So there’s a really horrific murder that’s been widely reported in the Oz media in the last couple of days. The reports of the murder are in fact so graphic that tabloid ambulance chasers around the world have picked it up with glee. In short it’s a particularly gruesome case of domestic violence, specifically intimate partner violence: about one woman is murdered every week in Australia by her intimate partner.
But no. The “great story” to come out of this is that the murdered woman was transgender. She was a woman of colour from Indonesia. She was working in the sex industry and was using her earnings to support her family in Indonesia, allowing her siblings to get educations. How do you think that aspect of the story was portrayed?
The answer, where the tabloid gutter press is concerned, was to deliberately choose a bikini glamour shot and splash that, along with a disgusting transphobic slur, across the front page of a major newspaper as though it was Page 3 of The Sun. The woman’s body was subjected to extreme indignity post mortem, but that gross offence to her person has been willingly continued by the sensationalist news media refusing to treat her like a human being worthy of basic respect in death.
There’s a time to talk about violence against women. There’s a time to talk about racial violence against people of non-Anglo appearance. There’s a time to talk about sexual violence against sex workers. There’s even a time to talk about violence against transgender people and in the particular case of female transgender sex workers, one can point out that transphobic terms found in the porn and sex industries are more for the ready consumption of the johns than for the self-determination and dignity of transgender people, if you really must go there.
But that is all beside the point. There is a sick culture that is happy to ignore an act of extreme violence by a man against a woman who happens to be his partner, and to substitute sordid speculation that reduces the deceased woman to her genitals, or what she did with them. That, too, is a form of extreme violence against women like Mayang Prasetyo.
What can you do?
• Sign this petition on change·org
• Write a complaint to the Press Council of Australia protesting gross transphobia that contravenes the newspapers’ own journalistic standards on the reporting of deceased people.
What shouldn’t you do?
• Join in a harassment campaign of the journalists. Their editors and sub-editors are responsible for the sick culture that not merely tolerates but merrily encourages gutter journalism like this – harassing the individuals who wrote the article won’t fix the toxic, abusive culture.
Further reading by responsible journalists:
• Clementine Ford in Daily Life: Mayang Prasetyo’s murder and the problem with domestic violence reporting
• Amy Gray in The Guardian: Neither job nor gender identity killed Mayang Prasetyo.

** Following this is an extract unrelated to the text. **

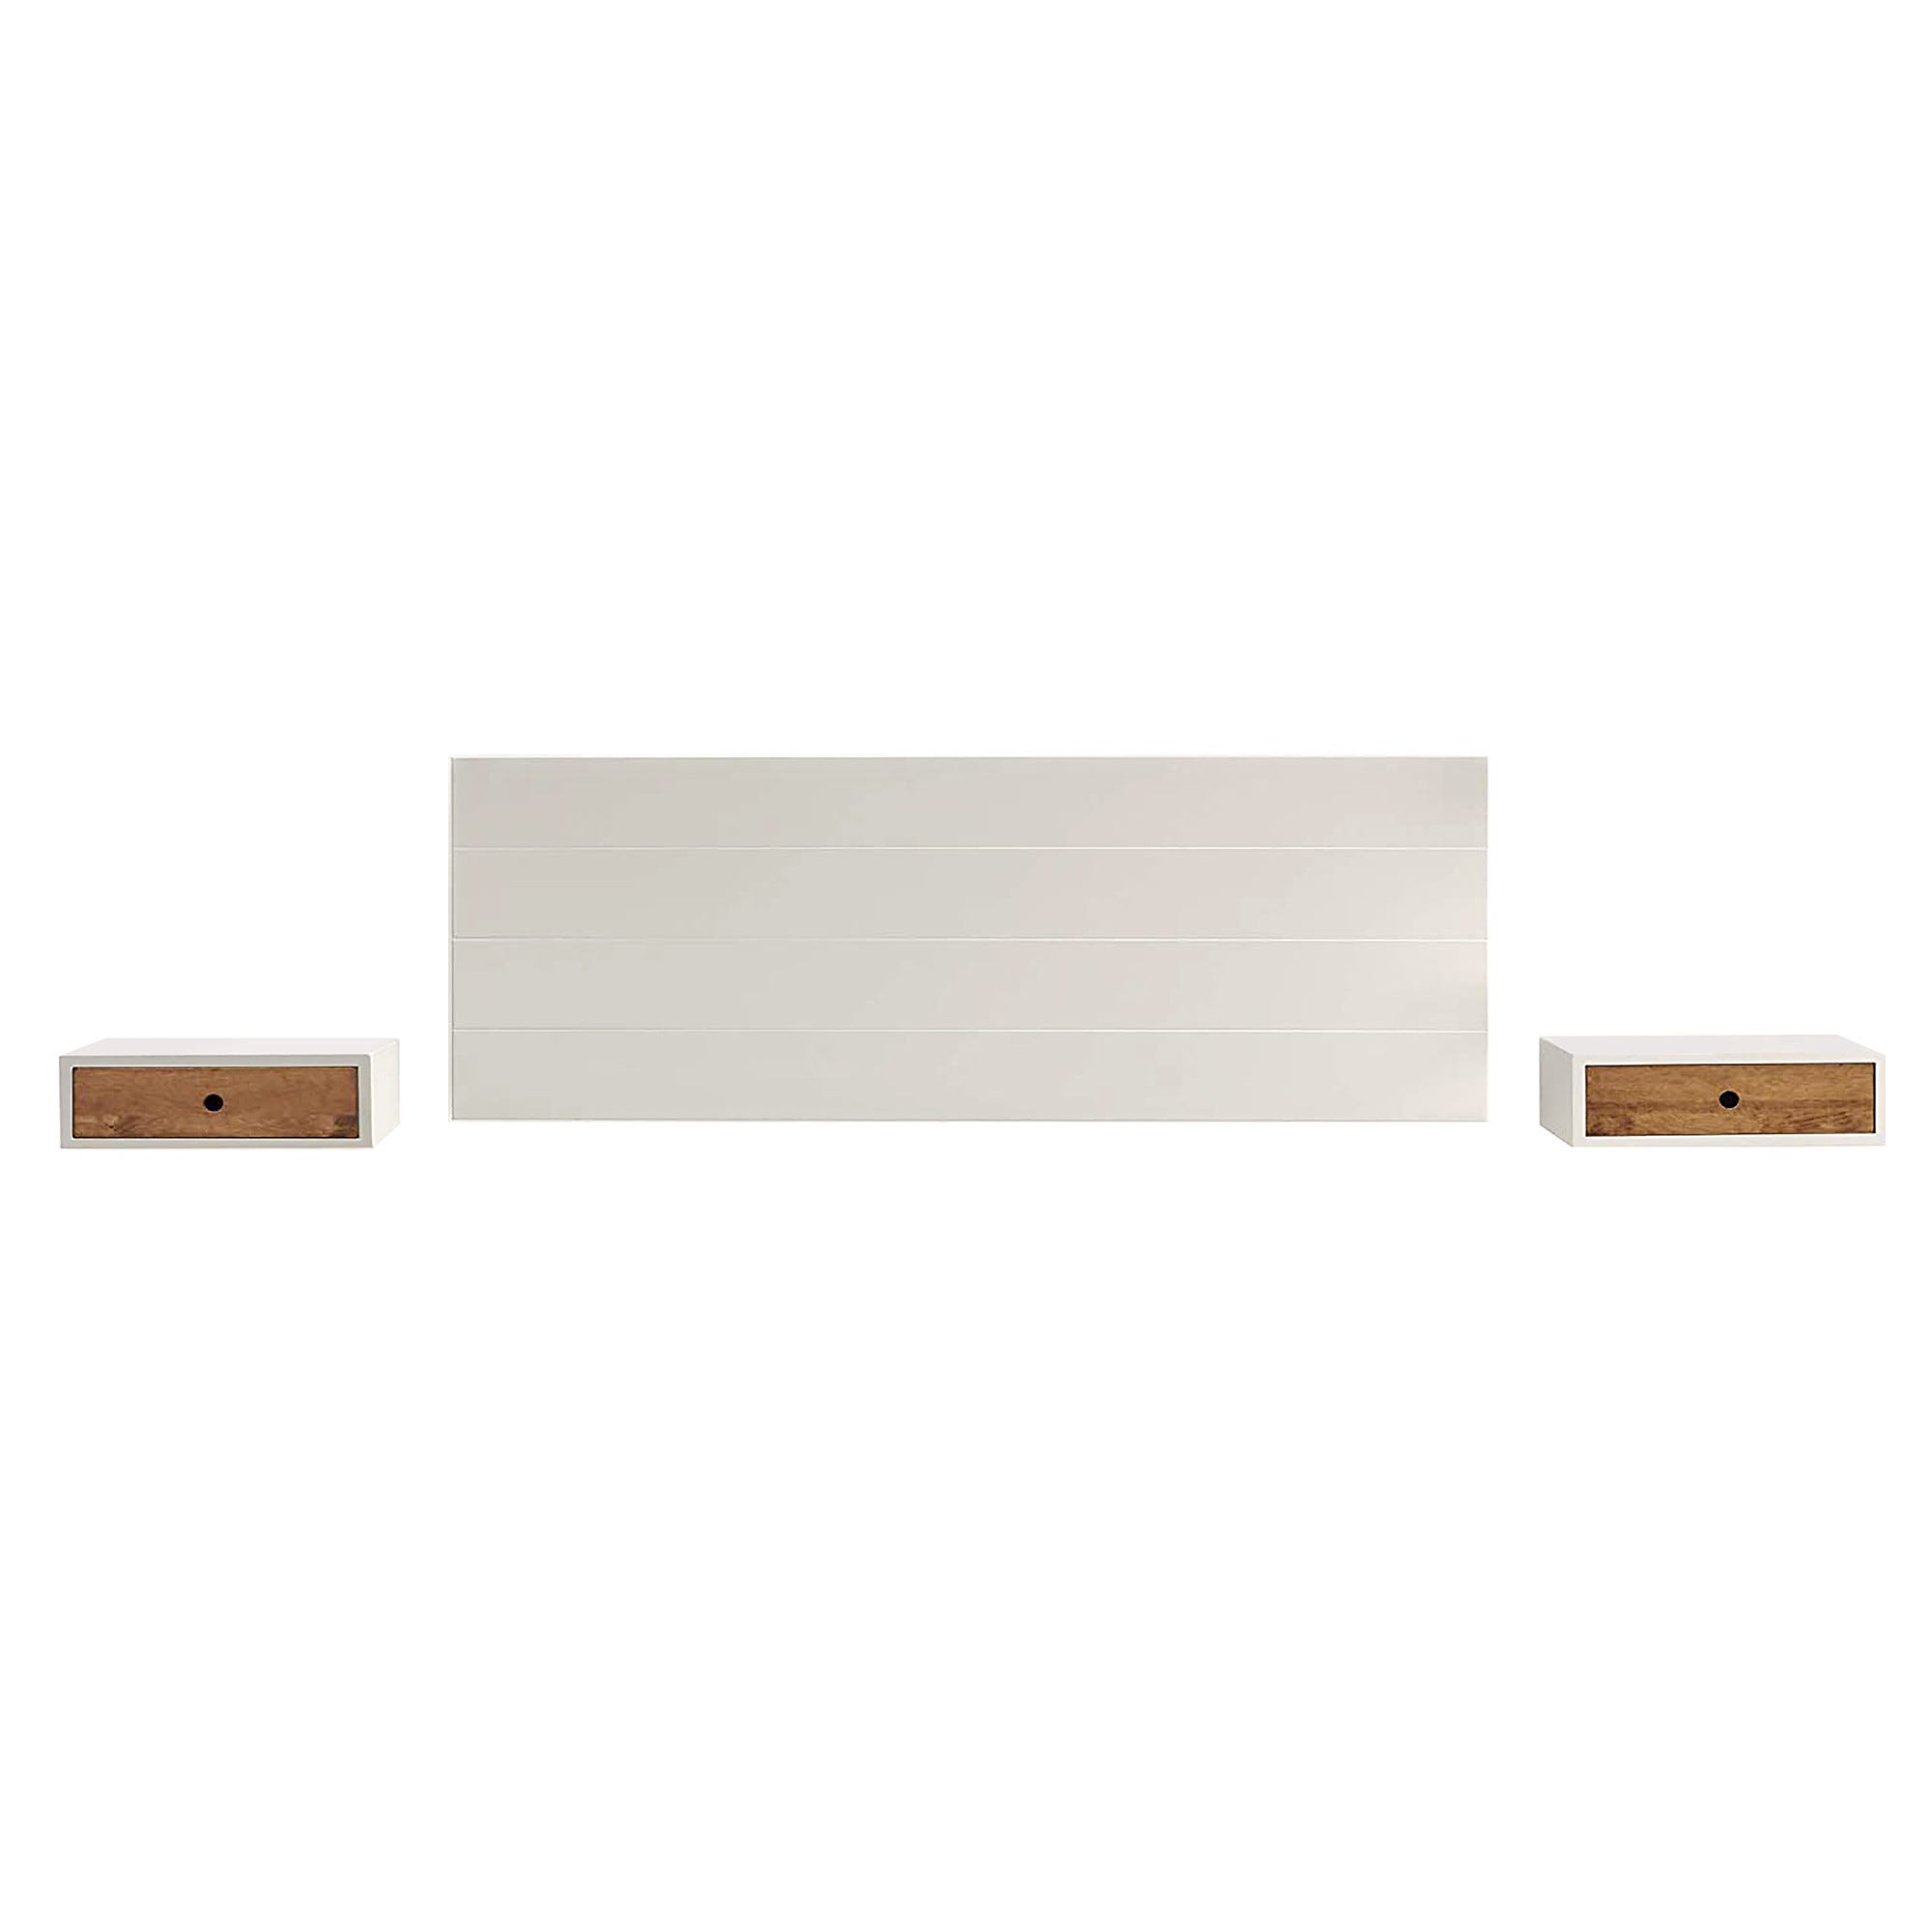 Cabecero madera natural + 2 mesitas flotantes color blanco, Frente cajon  madera maciza natural

She died because of a man who felt entitled to her
• Kate Doak in The Hoopla: Words Can Be Deadly — note that Kate is a trans woman and a journalist, which gives her condemnation of the transphobic reporting additional passion.
• Elise Brooks in The Conversation: How media reports affect trans people, and what should be done — I strongly presume that Elise, like Kate, is also a trans woman.
The source of the most transphobic reporting (widely syndicated through Australia) belatedly issued a flimsy unsatisfactory apology – a not-pology – which you can see being dismantled as a gutless craven fake here. The not-pology extended only as far as Mayang’s family and friends, and didn’t extend to anyone who might have suffered splash damage from being targeted by transphobia or whorephobia, or the general erasure of women affected by domestic violence.